И хотя, если использовать язык теософов, в развивающихся событиях есть доля «созревшей кармы», проявляющейся как некий фатум, значительная их часть подвластна человеческой воле и свободному выбору. Весь вопрос в том, что именно мы хотим выбрать, на что согласиться и какой «позитивный образ будущего» привлекает нас.
Образ будущего – это транслируемая целостность, которая предполагает доверие воспринимающих ее. Будущее еще не существует, оно воображаемо, причем, представление о нем словесно и обязательно эмоционально насыщено. «Образ будущего лишь в незначительной степени очевиден… Немаловажной составляющей этого образа выступает эмоциональная компонента. Ожидания будущего нередко аффективны, и его образы окрашены чувством страха или надежды, тревоги или отчаяния» [7].
Образ будущего - всегда сфантазированное, целостное вербализованное представление, несущее в себе большой аффективный заряд.

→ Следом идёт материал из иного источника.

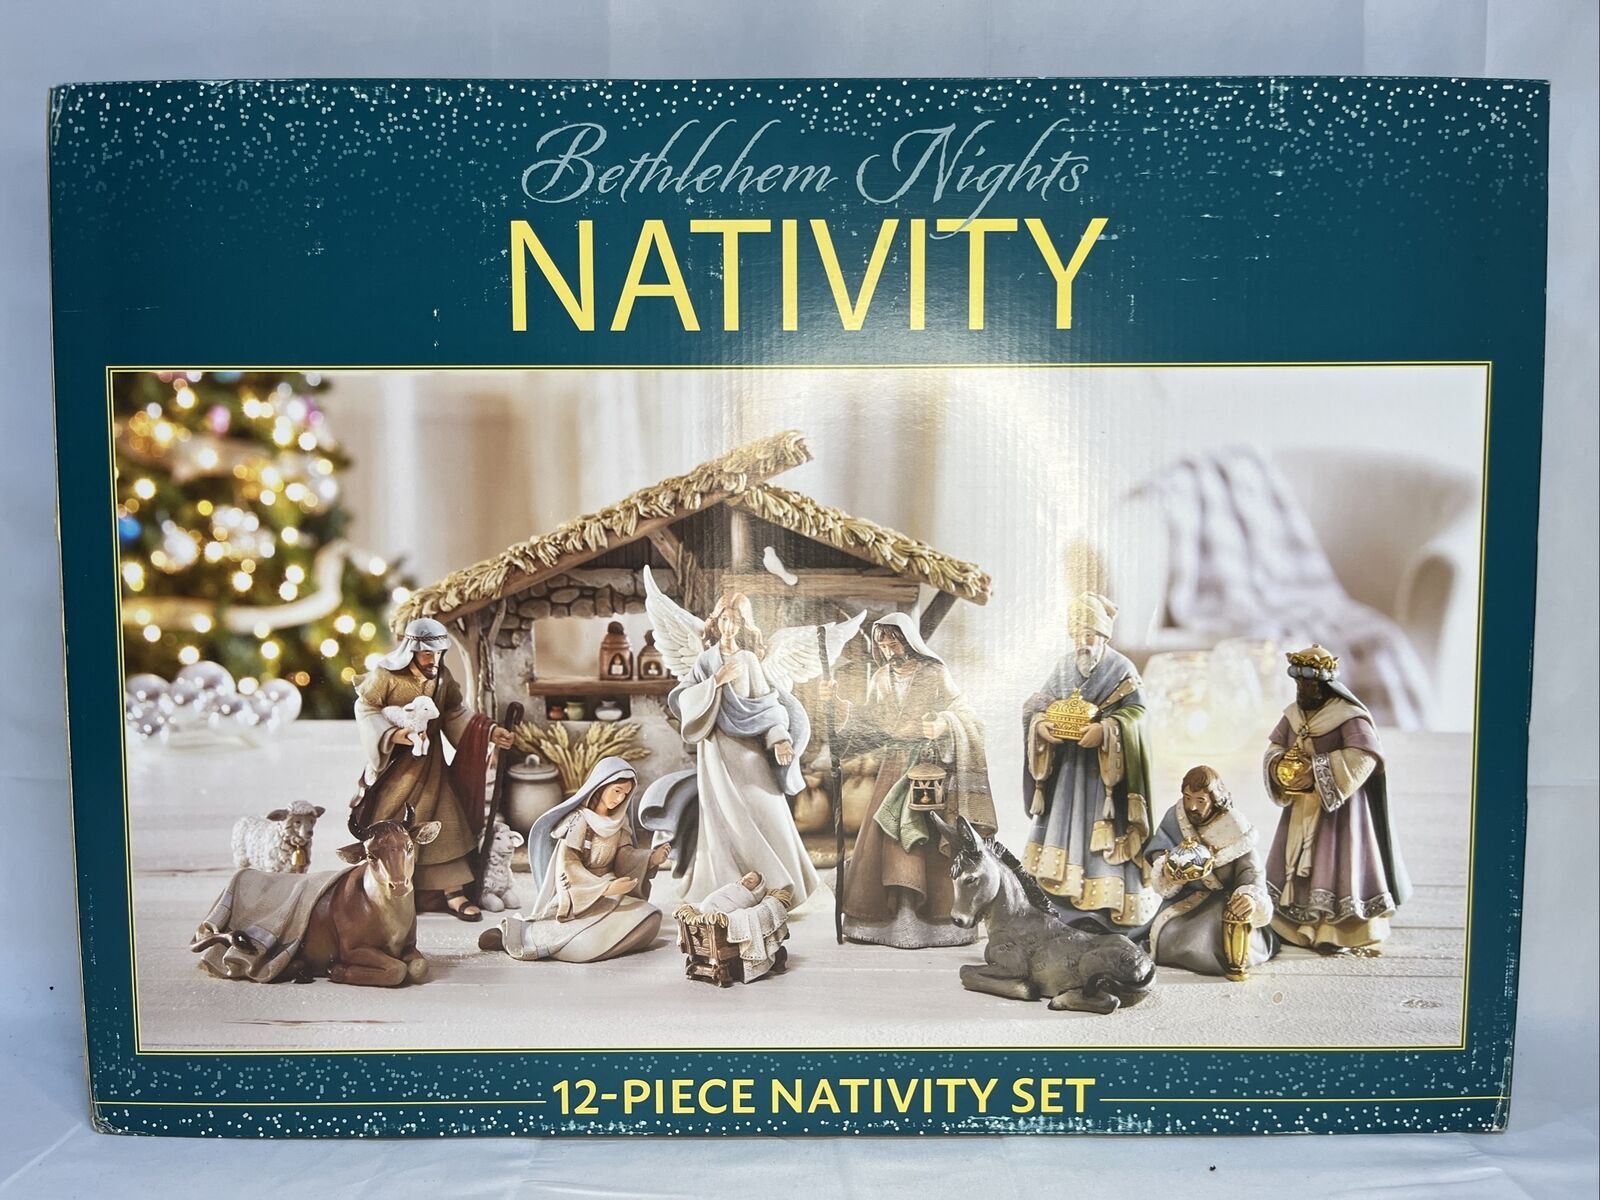 Bethlehem Nights Christmas Nativity Scene 12 Piece Set Brand New In Box

Если речь идет о позитивном образе, то это позитивный заряд: такое будущее желаемое, ценное и выступает как цель. Позитивный образ будущего – мощный мотиватор достигающего поведения, а негативный обладает столь же значительным деморализующим воздействием.

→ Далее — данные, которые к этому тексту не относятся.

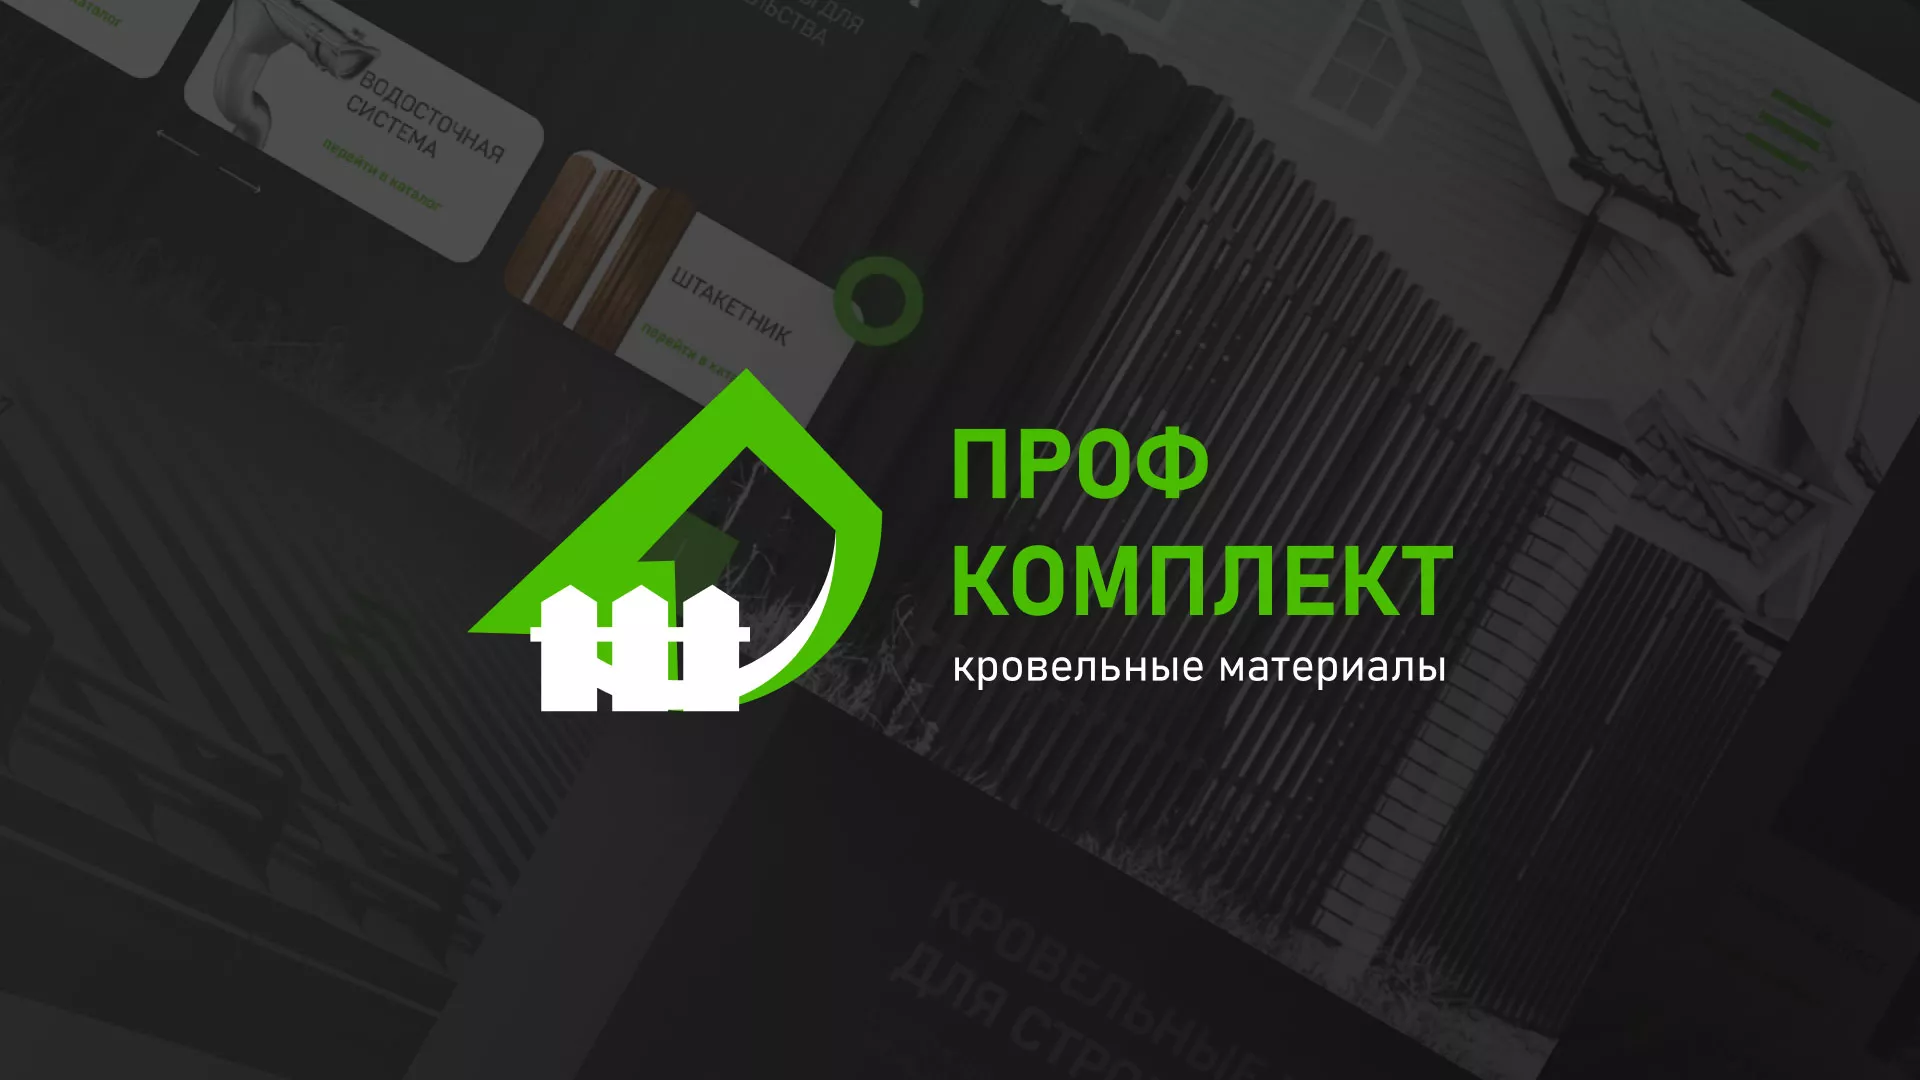 Создание сайта компании «Проф Комплект» в Урюпинске

Образ желаемого будущего, даже если он пока не высказан, не облечен в слова, сопровождается «чувством будущего», внутренним ощущением «благоприятности темпорального движения», латентной уверенностью в том, что наши действия ведут нас к благу. Как показал опыт отечественного социалистического прошлого, для многих даже сама идея коммунизма являлась мощным стимулом социальной активности и представления о «светлых перспективах». Конечно, людям хотелось жить сытнее и свободнее, но у них было моральное чувство «правильности пути», а препятствия виделись как временные. Идея коммунистического будущего вдохновляла многих, хотя в силу политико-экономических проблем и сложных мировых процессов не смогла осуществиться.

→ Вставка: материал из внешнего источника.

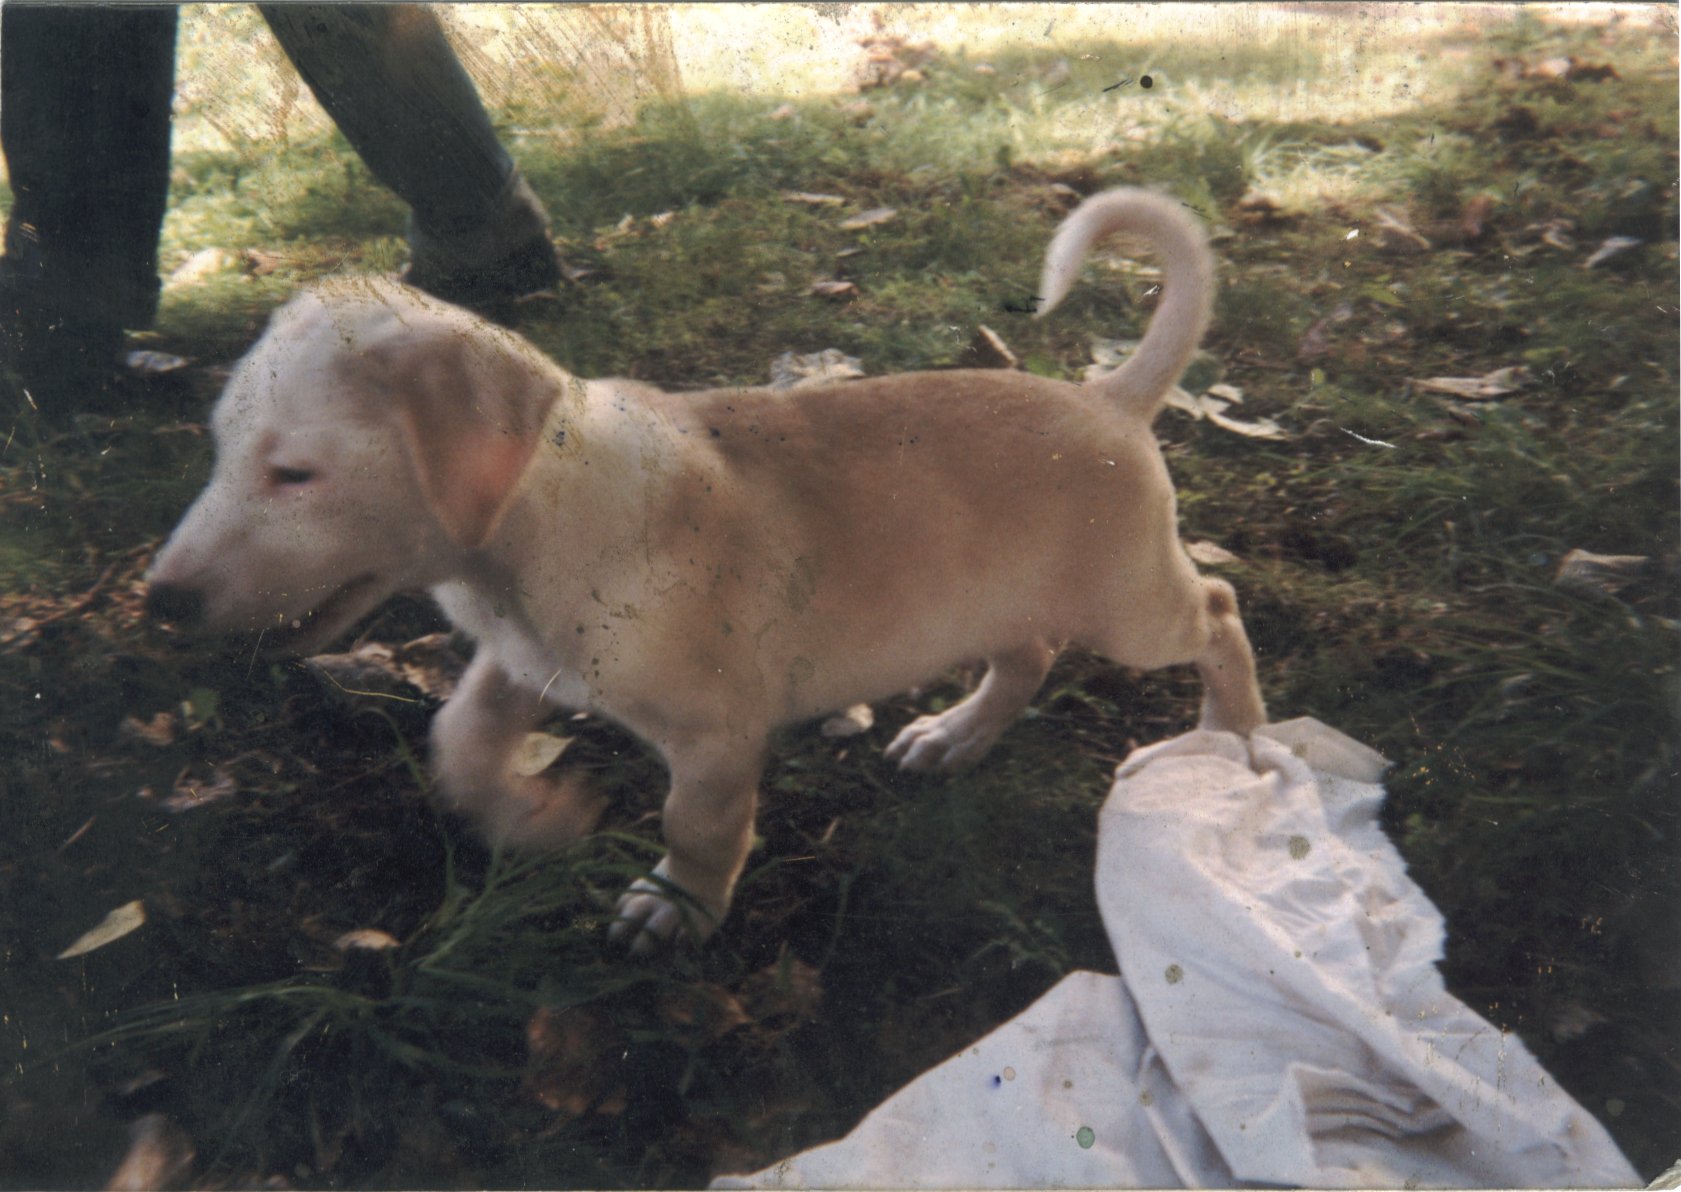 Photo von Ralf Splettstoessers Hund Ganesh als Welpe am 22. Juli 1999 im Berliner Bezirk Friedrichshain.

Откуда же берутся позитивные образы будущего, если все пророки издревле пророчат сплошные несчастья? Как отмечал голландский социолог и футуролог Ф. Полак, они создаются мистиками, религиозными деятелями, учеными, художниками, писателями… А мы бы добавили: философами, идеологами, политиками и политологами. В современных условиях их распространителями и трансляторами выступают все виды СМИ. Речь идет о системе высших ценностей и целей, социальных проектов и общественных задач, человеческих идеалов, социальных программ, которые всегда располагаются в будущем, составляют «линию горизонта». Их реализация связана не с «фатальным приближением беды», а с тем, насколько страстно, целенаправленно и последовательно мы будем реализовывать наши цели и ценностные проекты, предупреждая и ликвидируя возможные беды и катастрофы. Понятно, что они не отменяют необходимости, но, создавая с ней амальгаму, меняют даже самые «фатальные обстоятельства». Позитивные образы будущего вооружают нас смыслом, без которого человеческая жизнь, даже спокойная и обеспеченная, превращается в абсурд.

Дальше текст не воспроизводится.